But first, let’s think about what the rule can do so far: it can tell us whether to pages are “directly consecutive” and whether the habit was done on the younger of these two days. If ?p1
and ?p2
are separated by an intermediate day, on which the habit was also done, the current definition of the rule will fail. We will use the notion of an intermediate day in the second definition of the rule:
[(pages-next-day ?p1 ?p2 ?habit ?val ?date)
;; fastest when we begin search at the known page ?p2
[?b2 :block/page ?p2]
(habit-block ?b2 ?habit ?val)
;; ?px is the page that ?p2 links to.
;; Is it connected to ?p1? If yes, then ?p1 and ?p2 are also connected.
[?b2 :block/refs ?px]
[?px :block/journal? true]
(pages-next-day ?p1 ?px ?habit ?val ?date)
]
The first two lines of the second definition are exactly the same as before. This is a common theme for recursicely defined rules. But now we introduce the mysterious intermediate day ?px
. By the definition of our data scheme (the backlink
property), we know that ?px
is the direct predecessor of ?p2
. Now instead of finding out whether ?p1
and ?p2
are connected, we only need to find out whether ?p1
and ?px
are connected. And as the rule definition is recursive, we will find a definite answer sometime.
There is one subtlety in the last line: given that in the first definition ?date
was associated to ?p2
, in the second definition, ?date
is associated to ?px
. In other words, by recursive execution, ?date
will always be associated to the date of the day after ?p1
. However, for the day ?p1
we never test if the habit was done. Hence, ?date
is associated to alle the days the habit was done. This suffices if we want to know the start of a positive streak. In case of a negative streak, however, we would like to know the day before that streak started as, after all, that is the day the previous positive streak ended. That is why we extract different ?date
variables in the two and
clauses above.
Best practices for efficiency in recursive rules
I tried to follow these principles:
- Put the most selective clause first in query
- Join along
- Develop more selective clauses from where you come from.
It is rather easy to find the journal page of ?today
which is bound to the variable ?p_today
. In :where
, we then insert ?p_today
at the second position of our rule. The rule is only checking the blocks within this one page, and then extracts only one new page from it—the previous day to which the backlink
property points to. In my opinion, this is the most efficient way to write this task into a recursive rule. Consider this bad practice example of the first definition of our recursive rule:
;; do not use. Is very slow.
[(pages-next-day ?p1 ?p2 ?habit ?val ?date)
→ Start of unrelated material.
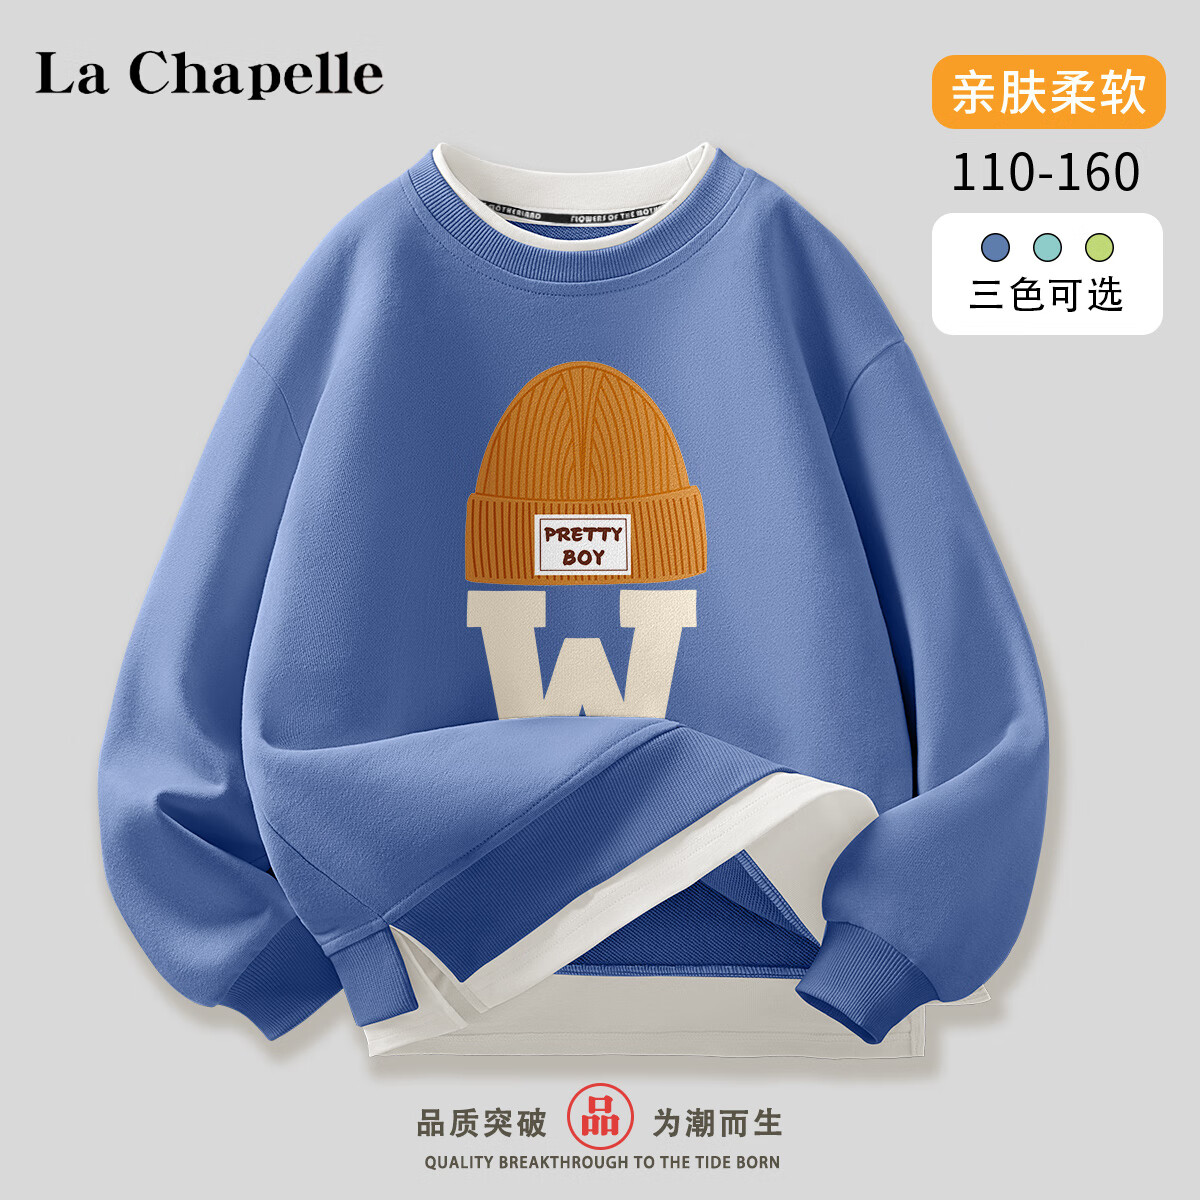 La Chapelle 儿童卫衣 假两件打底衫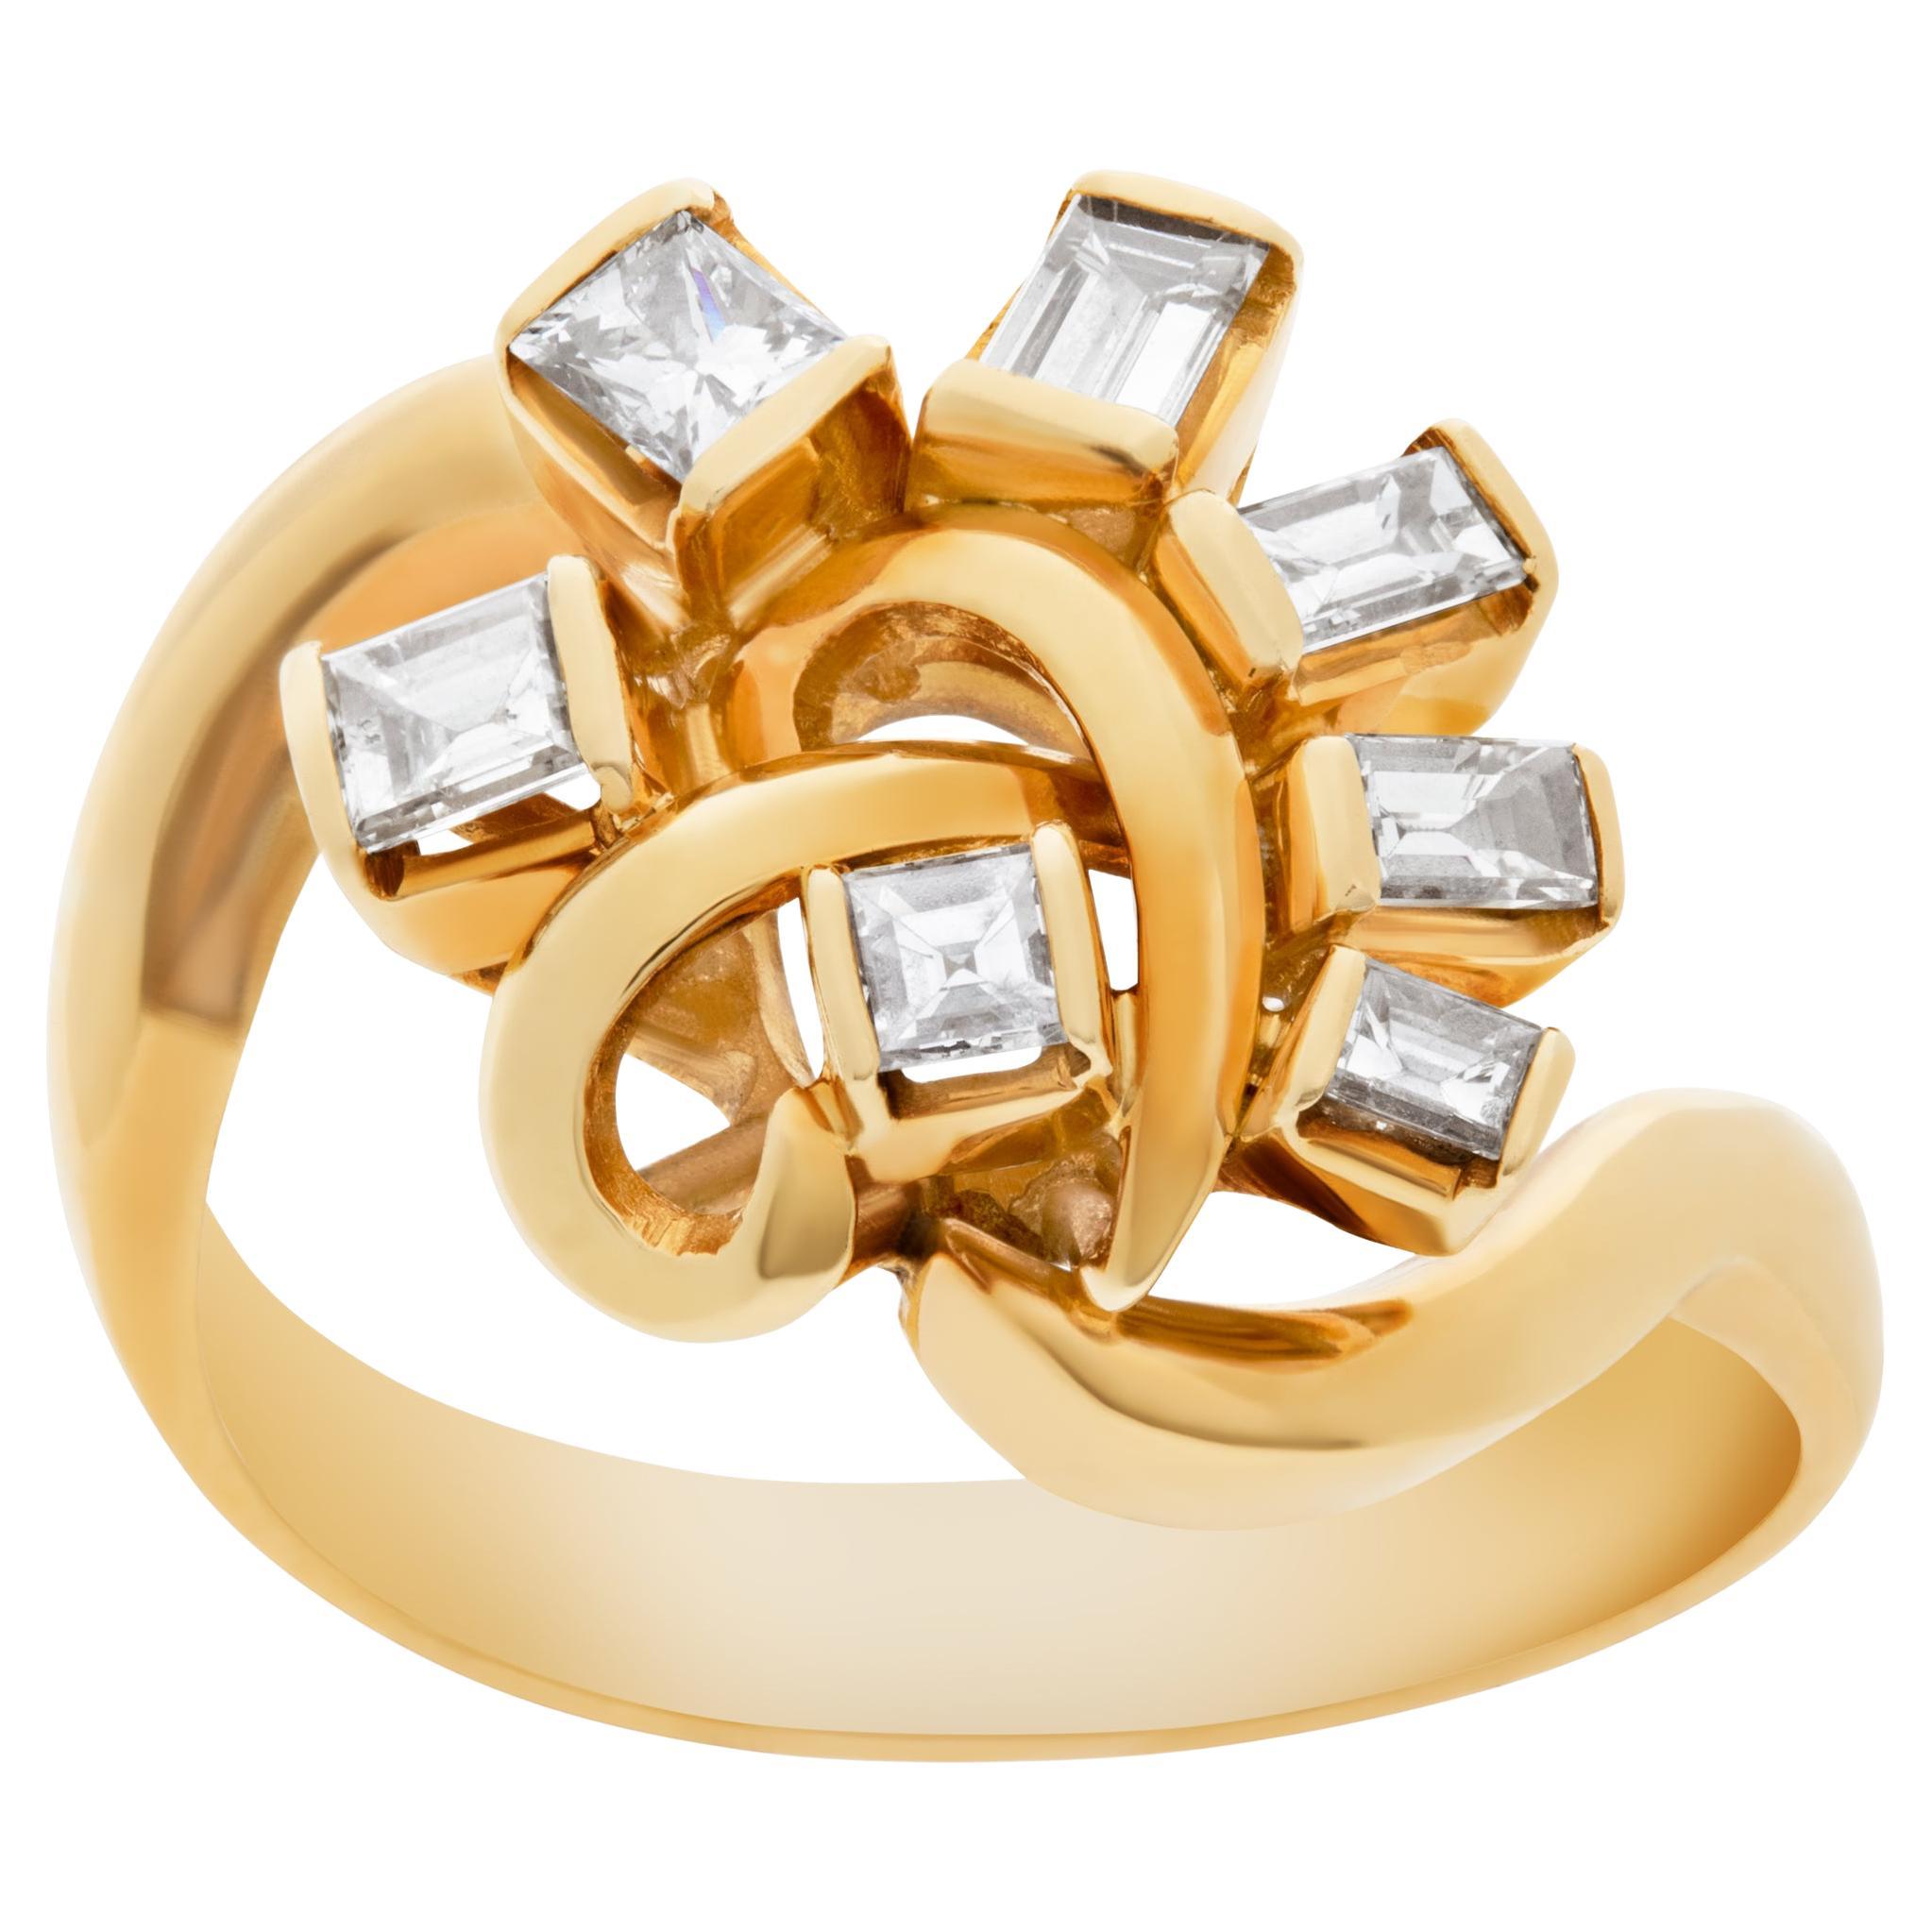 Wirbelring mit Diamanten in 18 Karat Gelbgold gefasst

;; test whether ?p1 is a journal page
[?p1 :block/journal? true]
;; find all the blocks that reference ?p1
[?b2 :block/refs ?p1]
;; which of these blocks is a tracking block
(habit-block ?b2 ?habit ?val)
;; and does this tracking block actually belong to ?p2
[?b2 :block/page ?p2]
[?p2 :block/journal-day ?date2]
[?p2 :block/original-name ?name2]
[(vector ?date2 ?name2) ?date]]
]
If you check closely, the lines have just been swaped. Nevertheless, this implementatino has terrible performance. Instead of continuing our search from ?p2
which we know something about, we bind ?p1
to all possible journal pages. Then we bind ?b2
to all possible blocks that reference all these ?p1
. Only then, we start to prune our list of possible ?p1
and ?b2
.
As we’ve now understood the hardest part of the query, let’s take a look on how to display the outputs nicely in table format.
Formatting with :view
Our query will return a list of results. The length of that list and its contents are shaped by the very beginning of the :query
statement:
:find (count ?p) (sum ?habit-today) ?habit-name (min ?date)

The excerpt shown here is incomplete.